SUNDAY, SEPTEMBER 27, 2009
Fourteen going on Forty.
Typical is not a word to use for me. I'm definately not your typical fourteen year old girl. Yes, I may look my age, but looks mean nothing.
I hate my age. I hate it. I hate it. Being fourteen is horrible! I'm still living in my parents' house. Living for, and to, their standards. Following their rules. Doing what they want me to do... Does it end? Can't I be in college? Or even beyond that, starting a career and trying to make myself sucessful? Can't I be my own person? Do the things I feel are right? No. No, of course not.
You can't speed up time.
You can't slow it down.
You have to go along with it until you die.
And who, may I ask, set that stupid rule up? No one other than God, of course. Now, don't get me wrong, I believe in Him, I praise in Him... But, I'd assume like most, I just don't understand Him. He put me here and gave me everything I have. Shouldn't that be enough? Not at all. Deep down it is, but I'm always left wanting more.
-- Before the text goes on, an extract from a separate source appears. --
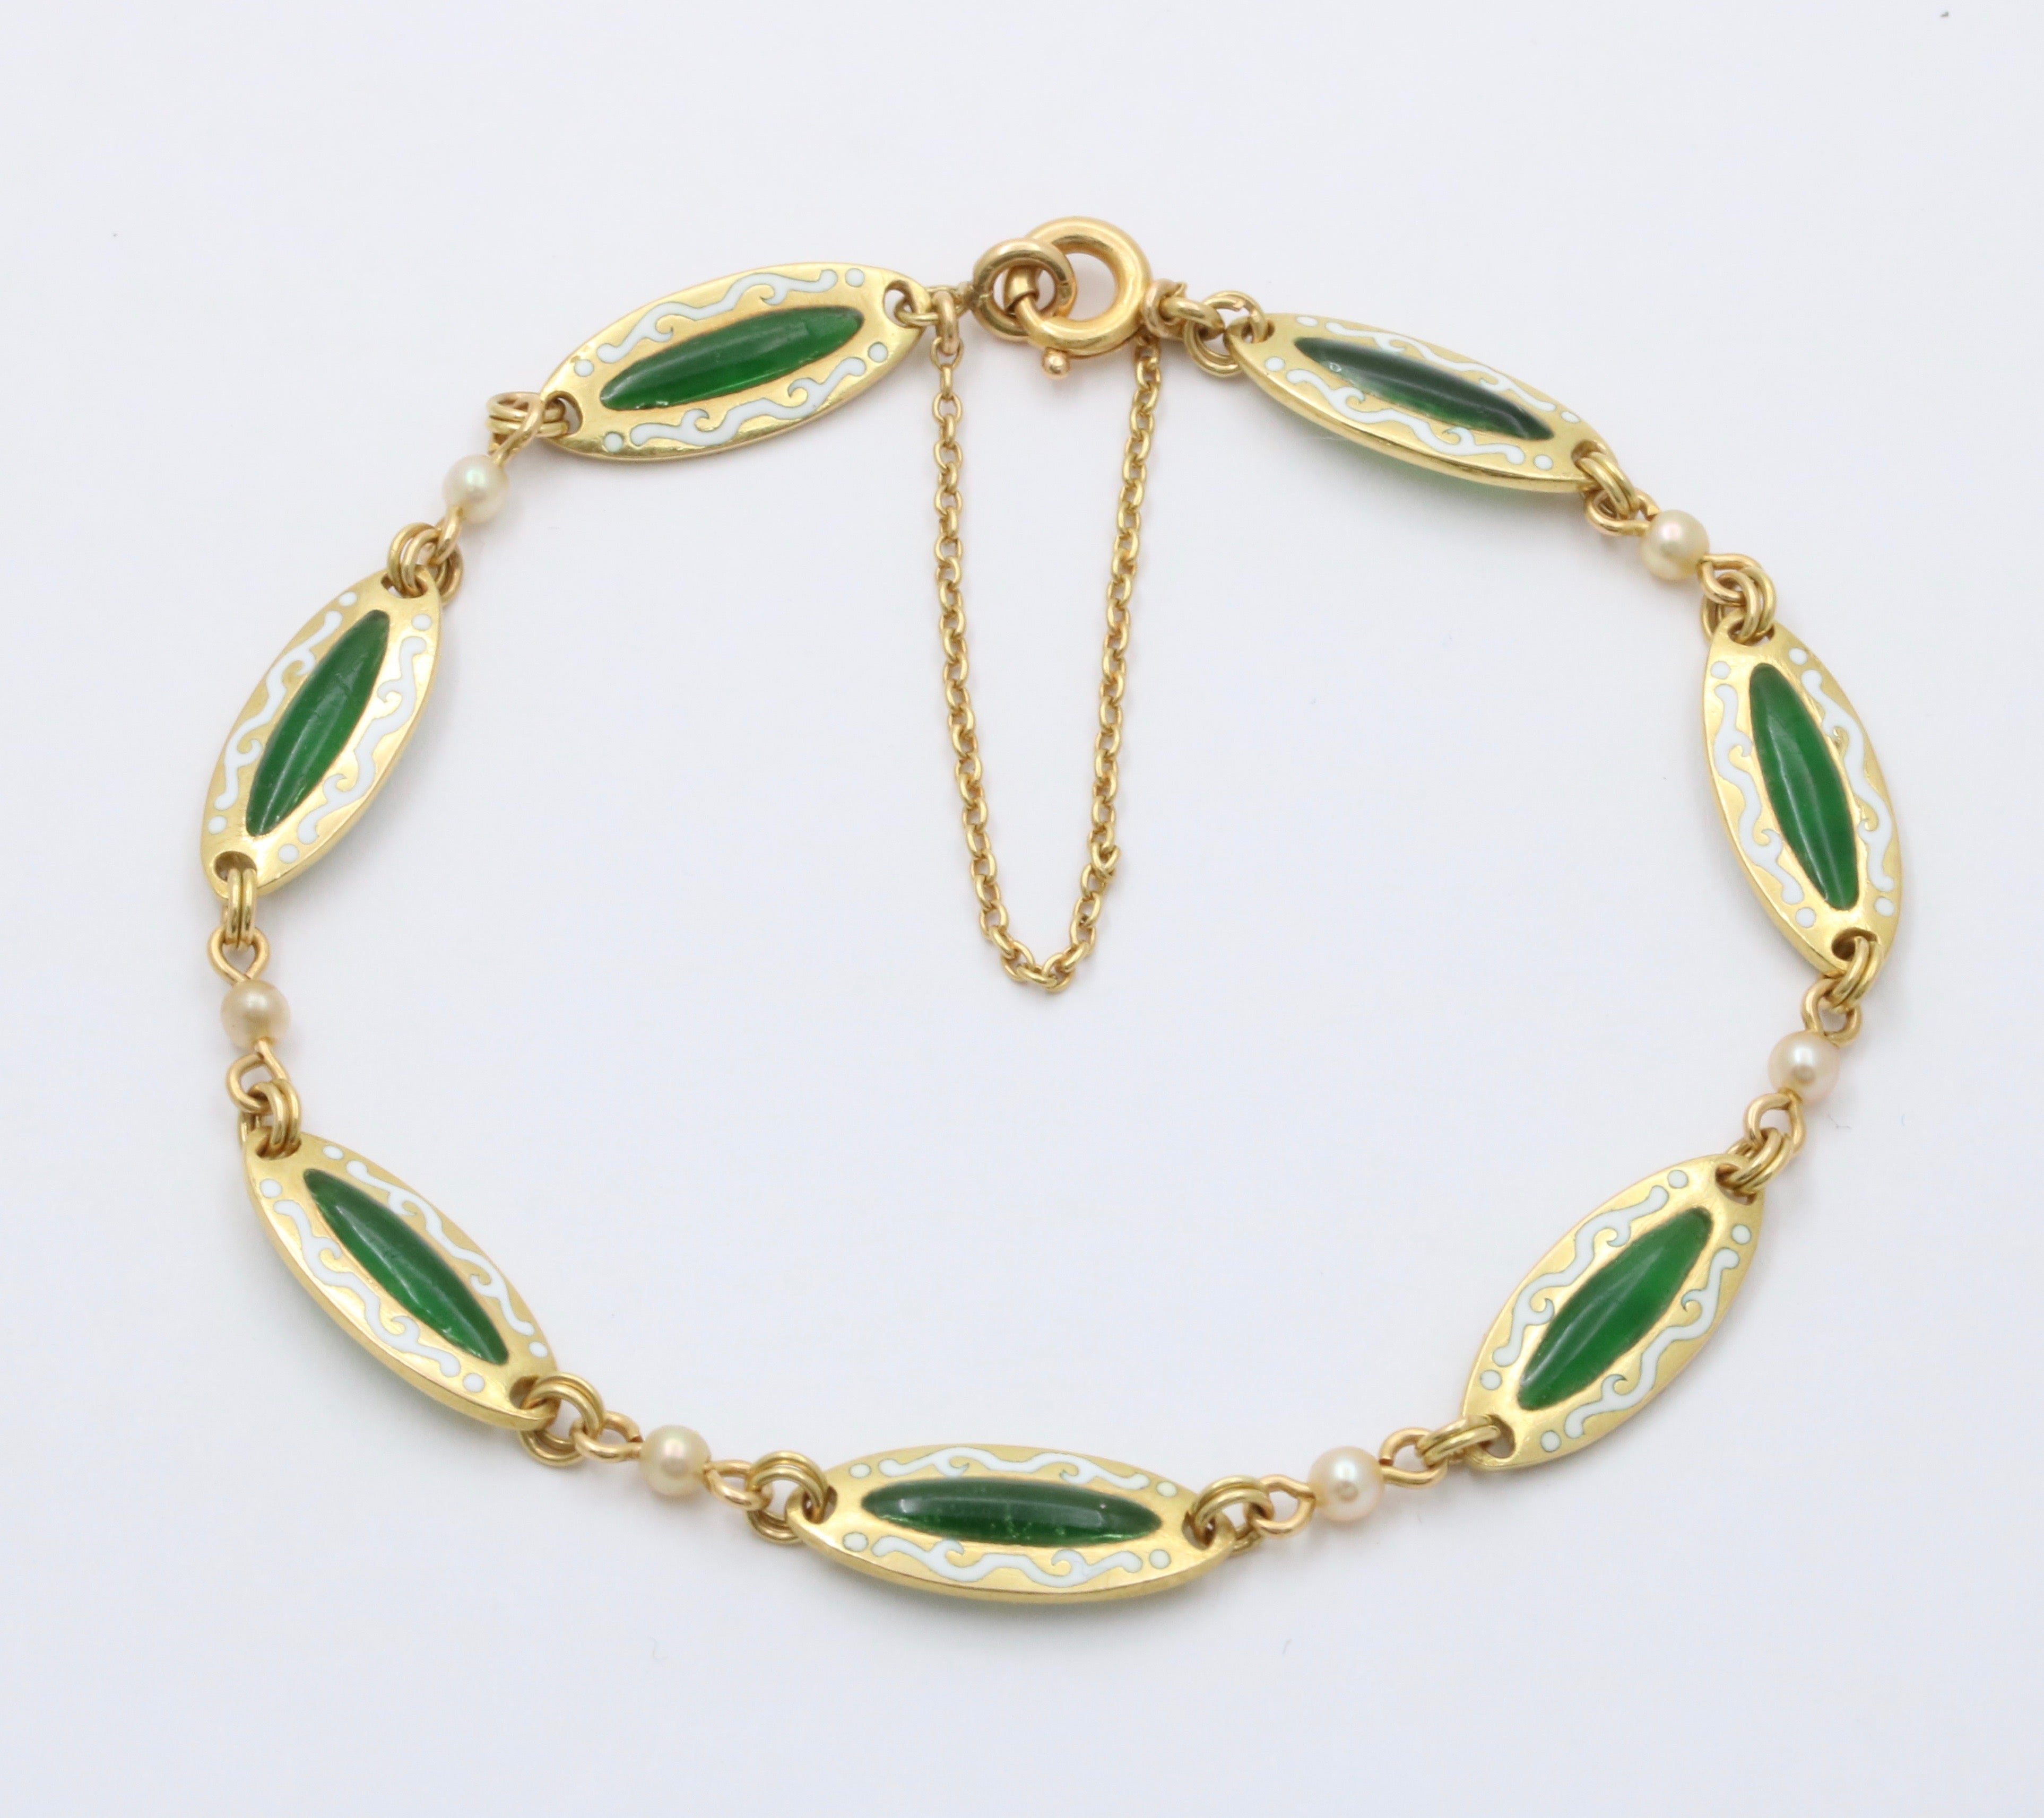 Buy Antique 18K Solid Gold 750 Outstanding Apple Green Jade Bangle Online  in India - Etsy
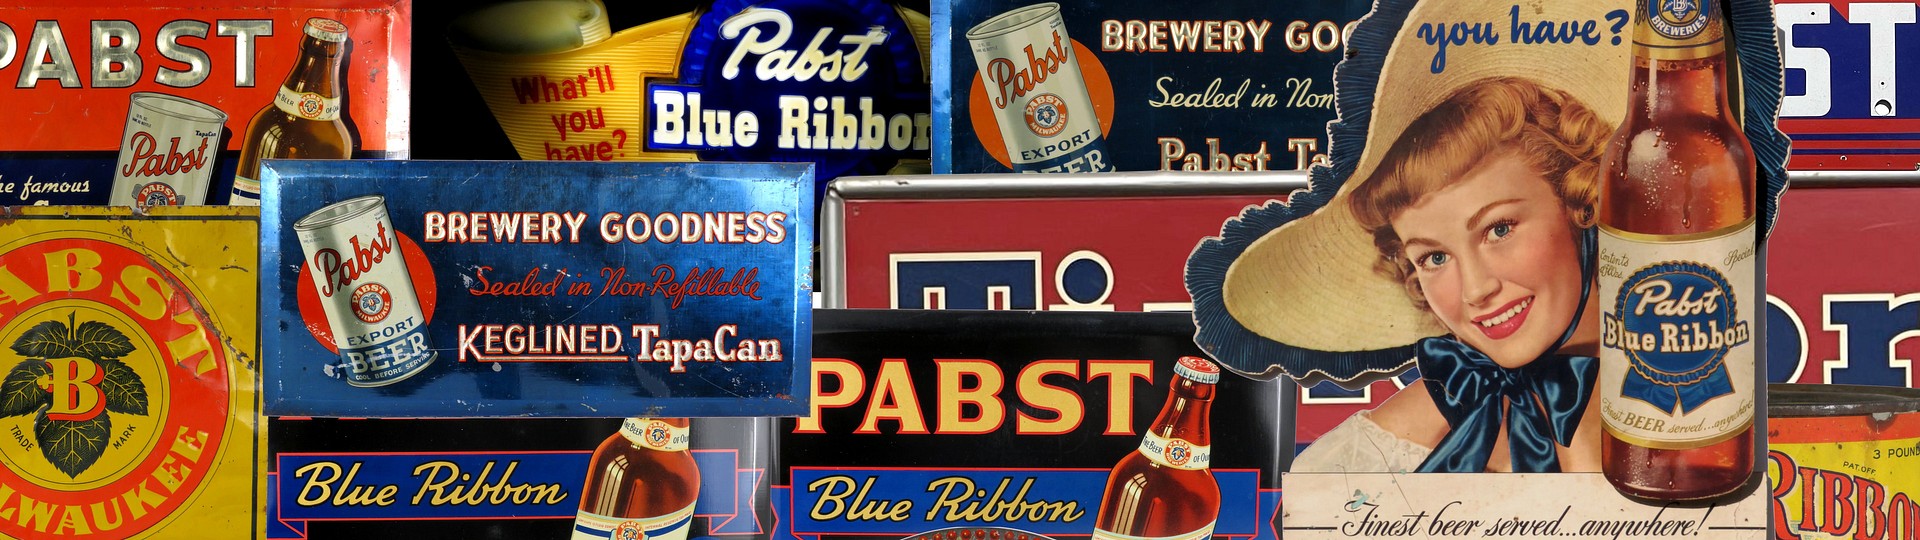 Vintage Pabst Blue Ribbon Beer Advertising Auction Day 1 by TavernTrove

No matter what I do. I want to be forty years old! Not really, but at least in my twenties. Where I can make up my own rules. Where I can start my own life. Where I can be me, not what everyone else wants me to be. Yes, that sounds typical, but I mean that more serious than ever before. Most all of the other kids will tell you that they are ready to be adults, and that they wish they were older so they could do 'whatever they want...' But that's not what I am asking for at all.
I know I won't be able to 'whatever' I happen to feel like. I know I can't just go out and be somebody. I know, God do I know, I have to earn it. I don't expect things to be given to me. They have never really been. Yes, I'll admit, I am spoiled by my parents. They buy me things. They give me things. They give me love and food and shelter. But when it comes to 'things', I have to earn it.
"Mom, can I have $10 to do ________?"
"What are you going to do to get it?"
"That's what I thought."
I mean. I don't get handed everything! My parents are poor. We live in poverty. It seems everyone makes more money then my mom and stepdad combined! I don't wear Hollister or Abercombie. No way in hell, do I wear Ralph Lauren or Marc Jacobs. I wear Wal*Mart clothes. Hand-me-downs. Most all of my nice things come from my aunts, uncles, and grandparents. Like I said before though, looks mean nothing. But I'm just trying to make a point.
I want to go out in the world and work my way to the top. Show that a small town--- yes I live in Nampa, which is big for Idaho, but I'm talking the whole world here-- girl can make it big. How? I want to be nothing more than an English teacher, which, we all know don't make big money... But I can still make it big. I can effect the lives of the youth, our future. Hopefully, when I'm a teacher, students can walk out of my classroom different than what they came in. They can have a new perspective on life and be ready for what ever life brings in store from them.
Now, can one see my as different? Or do I still fit under that horrific stereo type as the typical teenager?
I could say more... But do I need to?
Oh I don't know. Maybe I am typical.